DATA SHOWN:
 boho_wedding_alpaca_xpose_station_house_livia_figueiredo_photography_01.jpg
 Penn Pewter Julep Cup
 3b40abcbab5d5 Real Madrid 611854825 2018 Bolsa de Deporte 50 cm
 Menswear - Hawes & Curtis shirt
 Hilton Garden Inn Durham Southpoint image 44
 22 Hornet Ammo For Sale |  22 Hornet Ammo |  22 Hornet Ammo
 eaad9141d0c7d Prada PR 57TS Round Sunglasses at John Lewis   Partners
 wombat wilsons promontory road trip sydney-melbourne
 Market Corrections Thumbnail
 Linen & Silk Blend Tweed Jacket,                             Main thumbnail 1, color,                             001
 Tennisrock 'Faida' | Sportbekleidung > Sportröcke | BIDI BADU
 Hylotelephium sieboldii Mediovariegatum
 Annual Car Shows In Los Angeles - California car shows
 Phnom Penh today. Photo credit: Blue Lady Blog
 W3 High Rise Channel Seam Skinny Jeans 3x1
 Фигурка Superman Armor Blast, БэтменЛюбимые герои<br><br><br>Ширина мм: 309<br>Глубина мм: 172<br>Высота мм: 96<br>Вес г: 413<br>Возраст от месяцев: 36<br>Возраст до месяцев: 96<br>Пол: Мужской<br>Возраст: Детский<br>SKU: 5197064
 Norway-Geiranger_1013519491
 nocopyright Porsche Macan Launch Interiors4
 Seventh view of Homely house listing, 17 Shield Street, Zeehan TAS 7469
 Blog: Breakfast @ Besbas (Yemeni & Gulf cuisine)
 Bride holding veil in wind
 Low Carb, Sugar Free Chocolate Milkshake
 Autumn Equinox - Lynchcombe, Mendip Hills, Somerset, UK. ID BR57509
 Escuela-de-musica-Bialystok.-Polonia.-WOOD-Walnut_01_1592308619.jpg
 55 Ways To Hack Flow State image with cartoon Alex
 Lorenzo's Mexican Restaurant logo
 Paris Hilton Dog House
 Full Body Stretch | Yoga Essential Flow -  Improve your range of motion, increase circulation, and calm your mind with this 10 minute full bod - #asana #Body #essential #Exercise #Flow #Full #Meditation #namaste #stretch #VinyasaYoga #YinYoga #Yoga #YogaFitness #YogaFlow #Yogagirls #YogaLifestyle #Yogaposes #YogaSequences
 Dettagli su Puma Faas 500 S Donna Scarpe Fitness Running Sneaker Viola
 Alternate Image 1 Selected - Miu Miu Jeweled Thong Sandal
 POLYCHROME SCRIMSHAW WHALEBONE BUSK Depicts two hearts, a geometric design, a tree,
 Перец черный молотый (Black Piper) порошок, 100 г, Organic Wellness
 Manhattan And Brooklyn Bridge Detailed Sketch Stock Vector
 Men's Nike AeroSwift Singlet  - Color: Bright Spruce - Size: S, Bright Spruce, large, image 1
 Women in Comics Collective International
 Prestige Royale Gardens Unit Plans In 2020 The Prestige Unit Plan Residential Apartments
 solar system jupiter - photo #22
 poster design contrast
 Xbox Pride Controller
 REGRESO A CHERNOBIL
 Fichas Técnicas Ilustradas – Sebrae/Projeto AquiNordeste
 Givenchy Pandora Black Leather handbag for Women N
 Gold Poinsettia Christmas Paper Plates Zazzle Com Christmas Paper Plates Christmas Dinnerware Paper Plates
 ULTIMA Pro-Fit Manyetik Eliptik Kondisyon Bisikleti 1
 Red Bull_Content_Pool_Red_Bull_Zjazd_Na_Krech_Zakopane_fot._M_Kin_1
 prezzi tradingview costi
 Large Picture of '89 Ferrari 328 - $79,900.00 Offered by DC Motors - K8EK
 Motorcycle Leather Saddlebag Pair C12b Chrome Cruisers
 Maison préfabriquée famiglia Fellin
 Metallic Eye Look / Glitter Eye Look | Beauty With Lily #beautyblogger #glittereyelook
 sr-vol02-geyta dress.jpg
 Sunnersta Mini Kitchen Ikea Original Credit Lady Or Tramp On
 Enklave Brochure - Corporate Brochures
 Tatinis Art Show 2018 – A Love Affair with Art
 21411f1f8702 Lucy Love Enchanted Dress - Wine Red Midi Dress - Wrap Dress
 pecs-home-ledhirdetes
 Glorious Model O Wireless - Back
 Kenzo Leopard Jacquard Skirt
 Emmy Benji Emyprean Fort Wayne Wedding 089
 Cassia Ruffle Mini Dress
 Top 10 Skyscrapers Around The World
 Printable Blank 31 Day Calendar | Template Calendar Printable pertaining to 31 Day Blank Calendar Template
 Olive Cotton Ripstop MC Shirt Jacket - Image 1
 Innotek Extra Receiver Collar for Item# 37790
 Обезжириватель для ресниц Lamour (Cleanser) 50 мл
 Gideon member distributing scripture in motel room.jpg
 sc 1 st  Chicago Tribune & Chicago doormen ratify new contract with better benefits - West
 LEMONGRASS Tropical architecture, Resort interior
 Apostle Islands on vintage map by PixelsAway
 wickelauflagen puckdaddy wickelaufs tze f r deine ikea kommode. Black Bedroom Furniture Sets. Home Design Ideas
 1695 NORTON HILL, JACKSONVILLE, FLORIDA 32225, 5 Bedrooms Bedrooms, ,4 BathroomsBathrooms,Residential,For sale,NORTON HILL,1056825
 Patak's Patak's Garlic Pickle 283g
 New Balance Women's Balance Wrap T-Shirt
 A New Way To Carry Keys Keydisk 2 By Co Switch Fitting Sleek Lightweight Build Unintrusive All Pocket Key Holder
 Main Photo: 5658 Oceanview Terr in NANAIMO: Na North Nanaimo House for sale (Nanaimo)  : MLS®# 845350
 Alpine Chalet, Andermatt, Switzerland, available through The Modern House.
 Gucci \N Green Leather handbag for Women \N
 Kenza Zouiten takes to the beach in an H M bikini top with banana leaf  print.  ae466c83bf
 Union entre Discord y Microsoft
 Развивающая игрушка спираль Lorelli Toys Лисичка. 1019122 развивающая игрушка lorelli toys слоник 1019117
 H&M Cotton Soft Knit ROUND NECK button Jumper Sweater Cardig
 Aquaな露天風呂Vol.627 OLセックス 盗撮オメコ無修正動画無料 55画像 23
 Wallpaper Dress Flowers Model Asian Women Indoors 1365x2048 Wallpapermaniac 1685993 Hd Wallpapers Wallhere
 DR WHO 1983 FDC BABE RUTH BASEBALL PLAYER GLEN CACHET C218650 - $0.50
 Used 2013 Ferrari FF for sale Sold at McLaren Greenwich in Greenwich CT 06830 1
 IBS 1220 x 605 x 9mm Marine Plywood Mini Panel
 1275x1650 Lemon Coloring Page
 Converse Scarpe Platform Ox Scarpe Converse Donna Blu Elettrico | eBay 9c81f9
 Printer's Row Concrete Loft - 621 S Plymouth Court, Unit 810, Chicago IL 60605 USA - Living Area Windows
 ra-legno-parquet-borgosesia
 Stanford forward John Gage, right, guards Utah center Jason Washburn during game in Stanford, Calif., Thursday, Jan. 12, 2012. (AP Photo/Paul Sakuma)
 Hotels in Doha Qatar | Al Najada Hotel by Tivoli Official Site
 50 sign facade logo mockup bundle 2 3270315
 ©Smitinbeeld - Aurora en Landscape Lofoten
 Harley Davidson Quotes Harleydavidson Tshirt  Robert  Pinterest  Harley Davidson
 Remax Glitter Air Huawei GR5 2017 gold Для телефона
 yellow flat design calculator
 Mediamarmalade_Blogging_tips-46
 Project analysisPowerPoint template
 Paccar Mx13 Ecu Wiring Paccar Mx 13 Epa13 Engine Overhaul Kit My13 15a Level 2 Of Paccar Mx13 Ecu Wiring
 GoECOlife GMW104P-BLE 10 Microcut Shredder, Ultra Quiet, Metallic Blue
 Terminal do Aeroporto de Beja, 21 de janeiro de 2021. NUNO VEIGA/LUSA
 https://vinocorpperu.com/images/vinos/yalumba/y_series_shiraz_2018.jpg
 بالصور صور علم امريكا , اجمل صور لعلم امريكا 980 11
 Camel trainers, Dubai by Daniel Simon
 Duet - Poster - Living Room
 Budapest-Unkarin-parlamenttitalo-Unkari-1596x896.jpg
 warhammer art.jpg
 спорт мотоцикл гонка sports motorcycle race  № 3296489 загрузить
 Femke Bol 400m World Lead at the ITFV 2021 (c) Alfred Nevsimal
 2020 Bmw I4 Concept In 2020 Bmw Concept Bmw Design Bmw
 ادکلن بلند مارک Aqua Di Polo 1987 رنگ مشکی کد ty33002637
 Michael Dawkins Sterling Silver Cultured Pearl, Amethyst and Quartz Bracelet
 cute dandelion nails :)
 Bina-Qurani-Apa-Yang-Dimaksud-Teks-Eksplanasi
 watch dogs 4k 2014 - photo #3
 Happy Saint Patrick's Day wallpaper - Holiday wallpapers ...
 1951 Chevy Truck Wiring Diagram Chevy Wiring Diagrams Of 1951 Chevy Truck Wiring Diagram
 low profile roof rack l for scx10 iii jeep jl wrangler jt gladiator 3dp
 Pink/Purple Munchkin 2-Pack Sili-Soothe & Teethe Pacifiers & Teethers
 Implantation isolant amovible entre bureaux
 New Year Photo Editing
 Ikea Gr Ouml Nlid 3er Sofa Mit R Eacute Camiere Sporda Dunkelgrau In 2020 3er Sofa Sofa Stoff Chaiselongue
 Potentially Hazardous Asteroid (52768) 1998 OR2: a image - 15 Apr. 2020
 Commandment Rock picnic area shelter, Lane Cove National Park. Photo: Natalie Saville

EXERCISE REQUIREMENTS:
Repeat exactly the lines above, starting with the line that contains "Implantation isolant amovible entre bureaux" and ending with the last line, both included, and nothing else.

WRITTEN ANSWER:
 Implantation isolant amovible entre bureaux
 New Year Photo Editing
 Ikea Gr Ouml Nlid 3er Sofa Mit R Eacute Camiere Sporda Dunkelgrau In 2020 3er Sofa Sofa Stoff Chaiselongue
 Potentially Hazardous Asteroid (52768) 1998 OR2: a image - 15 Apr. 2020
 Commandment Rock picnic area shelter, Lane Cove National Park. Photo: Natalie Saville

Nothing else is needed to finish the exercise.